Alibaba DAMO's AI Agent Uncovers 4 New Superconductors, Verified in Lab
An AI agent developed by Alibaba DAMO Academy and academic partners has predicted 68,000 superconducting materials, with four already synthesized and confirmed experimentally, including one with a critical temperature of 6.5K. The open-source platform screened 2.4 million crystal structures in just 28 GPU hours.
Alibaba DAMO Academy, in collaboration with Renmin University of China and the University of Chinese Academy of Sciences, today announced the debut of Elements Claw, the first AI agent dedicated to discovering superconducting materials. The system has already predicted 68,000 potential superconductors and, in a breakthrough milestone, four entirely new materials have been synthesized and experimentally verified to exhibit superconductivity.
The achievement represents a massive leap from the current international standard: the SuperCon database, built over decades, contains only about 2,000 known superconducting materials. The new open-source platform and its underlying models now make it possible to explore millions of stable crystal structures in a matter of hours.
How Elements Claw works
The AI agent employs a “specialist–generalist fusion” architecture. At its core is a 1-billion-parameter atomic foundation model called Elements, pre-trained on a database of 125 million molecules and crystal structures. It achieves an AUC of 0.996 in classifying superconductivity and predicts critical temperature (Tc) with an average error within 1 Kelvin.
On the generalist agent side, Elements Claw autonomously handles the entire material discovery pipeline: tool creation, workflow orchestration, literature review, and feasibility assessment—mimicking how a human materials scientist would work. It can even “self-evolve” by mining new clues from scientific papers.
From prediction to reality
The AI screened 2.4 million crystal structures in just 28 GPU hours, flagging 68,000 candidates. From that pool, researchers experimentally synthesized and confirmed four materials:
- Hf21Re25 – a “missed gem” pulled from existing databases
- Zr4VRe7 – corrected after AI identified a structural error in the database
- HfZrRe4 – designed entirely from scratch by the AI
- Zr3ScRe8 – derived by analogy with known structures, with the highest observed Tc of 6.5 K
Rong Yu, head of scientific intelligence at DAMO Academy, noted that this is the first batch of superconducting materials both discovered by an AI agent and experimentally validated, proving the viability of autonomous AI in materials science. “A vast number of candidate materials remain to be explored,” Yu said.

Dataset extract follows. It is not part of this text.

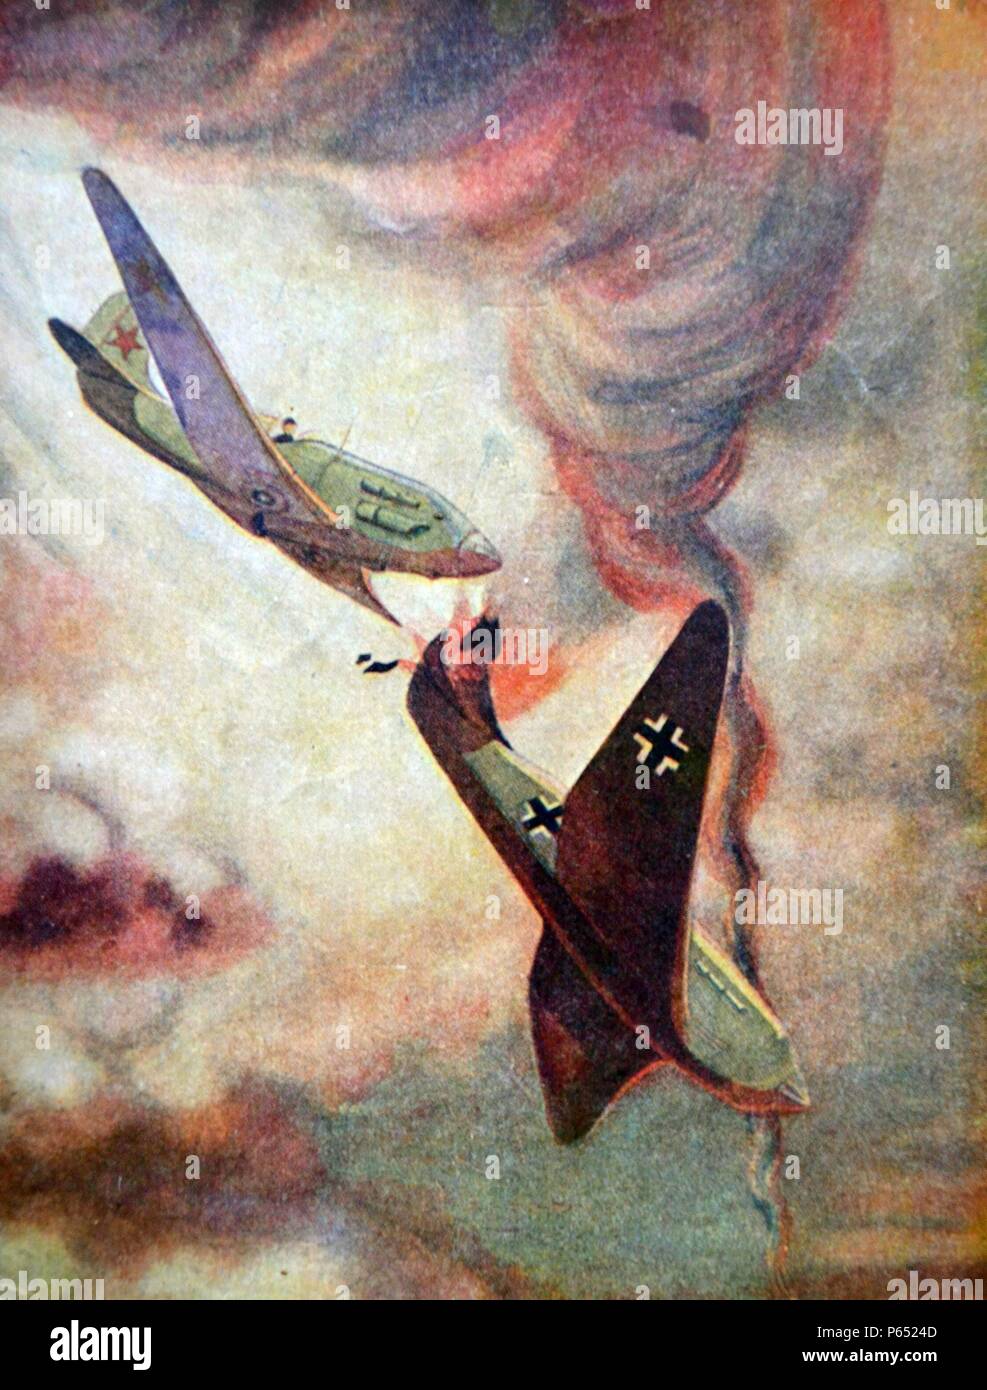 World war Two, Soviet propaganda postcard depicting an aerial dog fight, between a Russian (Soviet) aircraft and a German plane which is crashing in flames over Russia. Stock Photo

Open access and broader impact
The DAMO AI for Science Portal now freely hosts the full database of 2.4 million stable crystals predicted by Elements Claw, enabling global researchers to mine the data for their own investigations. The accompanying paper, “Agentic Fusion of Large Atomic and Language Models to Accelerate Superconductor Discovery,” details the technical framework.
Huang Wenbing, associate professor at Renmin University’s Gaoling School of Artificial Intelligence, emphasized that the same agent-based approach could be extended to discover solid-state battery electrolytes, multiphase catalysts, thermoelectric materials, and other functional compounds.
The work underlines a growing shift toward AI-driven scientific discovery, where intelligent agents can handle the full cycle from hypothesis to experiment, dramatically reducing the time and cost of finding materials with exotic properties.